"Enter"a basıp içeriğe geçin

Buhari 7042

7042 Bize İsmâîl ibnu Ca’fer, Ebû Süheyl’den; o da babası Mâlik ibn Ebî Âmir’den; o da Talha ibn Ubeydillah (radıyallahü anh)’tan şöyle tahdîs etti: Başının saçı darmadağın bir bedevi, Rasûlüllah (sallallahü aleyhi ve sellem)’ın huzuruna geldi de:

— Yâ Rasûlallah! Allah’ın benim üzerime namazdan neyi farz kıldığını, bana haber ver! dedi.

Rasûlüllah:

— “Beş vakit namaz farz kıldı, ancak kendiliğinden birşey kılabilirsin” buyurdu.

Bedevî:

— Allah’ın benim üzerime oruçtan neyi farz kıldığını haber ver! dedi.

Rasûlüllah:

— “Ramazân ayında oruç tutmayı farz kıldı, ancak kendiliğinden de bir mikdâr oruç tutabilirsin” buyurdu.

Bedevî:

— Allah’ın bana zekâttan neyi farz kıldığını haber ver! dedi. Rasûlüllah (sallallahü aleyhi ve sellem) da ona İslâm’ın şerîatlerini haber verdi. Bedevî:

— Sana (umûmî peygamberlik) ikram eden Allah’a yemîn ederim ki, ben kendiliğimden gönüllü olarak hiçbirşey yapmam ve Allah’ın bana farz kılmış olduğu hiçbirşeyi de eksik yapmam! dedi.

Rasûlüllah:

— “Eğer doğru söylüyorsa felah buldu -yahut: Eğer doğru söylüyorsa cennete girdi-” buyurdu.

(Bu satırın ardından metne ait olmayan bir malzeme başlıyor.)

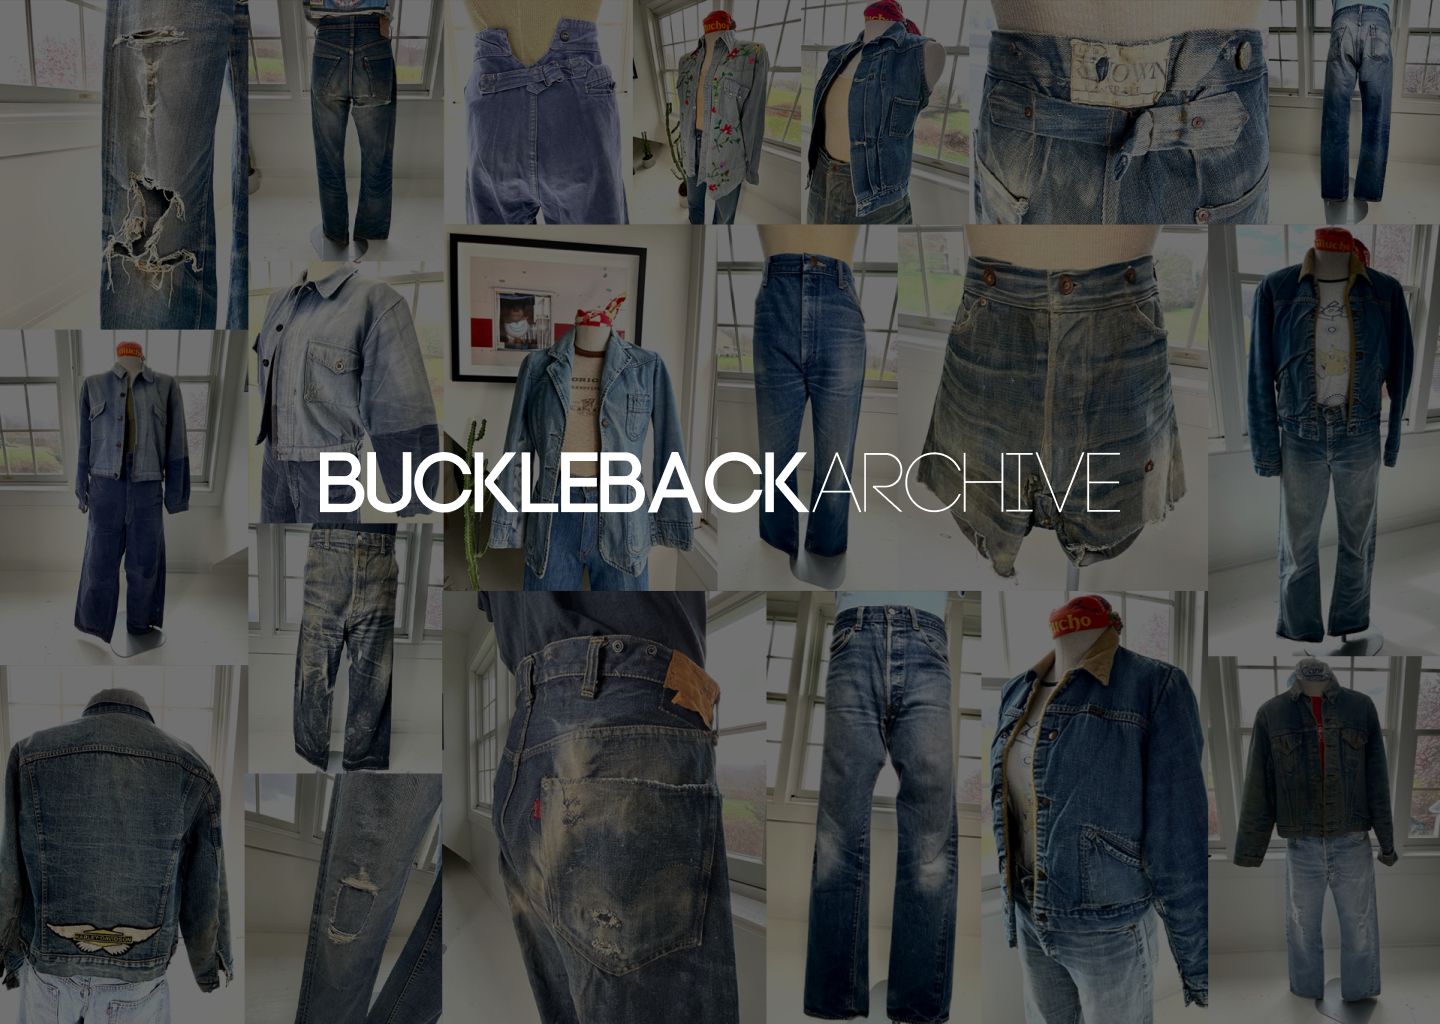 Buckleback Archive  Vintage items circa 1870 - 2000 are available –  BuckleBack Archive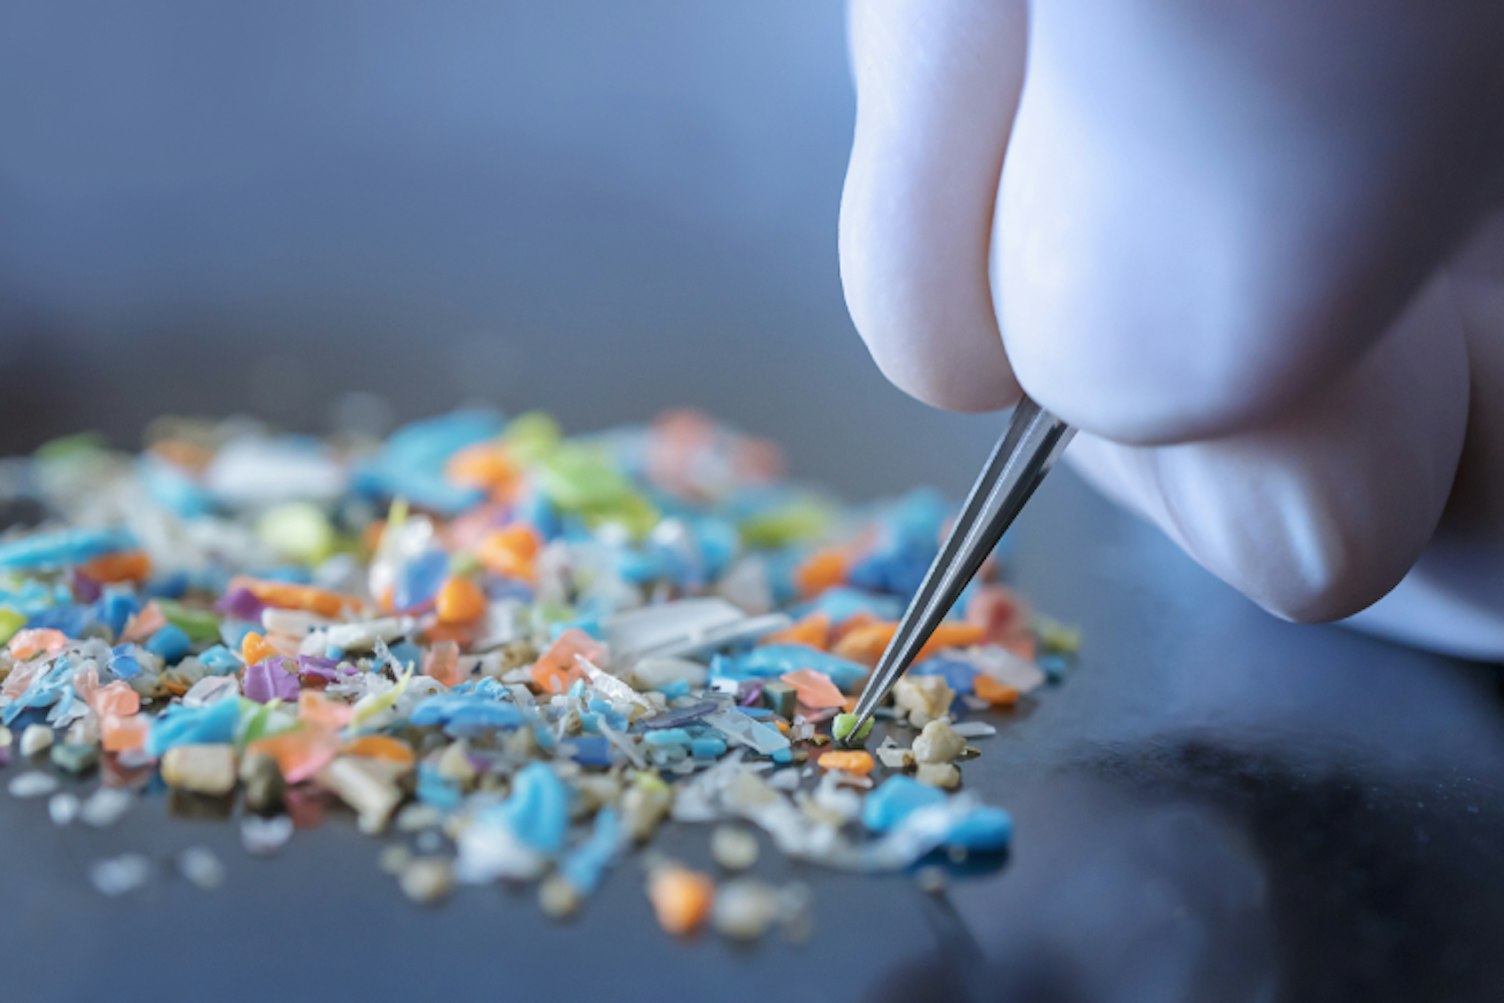 Macro shot of a person with medical gloves and tweezers inspecting a pile of micro plastics

Ve insanların bâzısı: Yüzyirmi devede üç yaşına basmış iki deve zekât vardır. Eğer develerin sahibi bilerek bu yüzyirmi deveyi (zekât yılı dolmadan evvel kesmek suretiyle) helak eder yahut hibe eder yahut zekâttan kaçmak için bu develerde bir hîle yaparsa, artık ona hiçbir zekât yoktur, demiştir.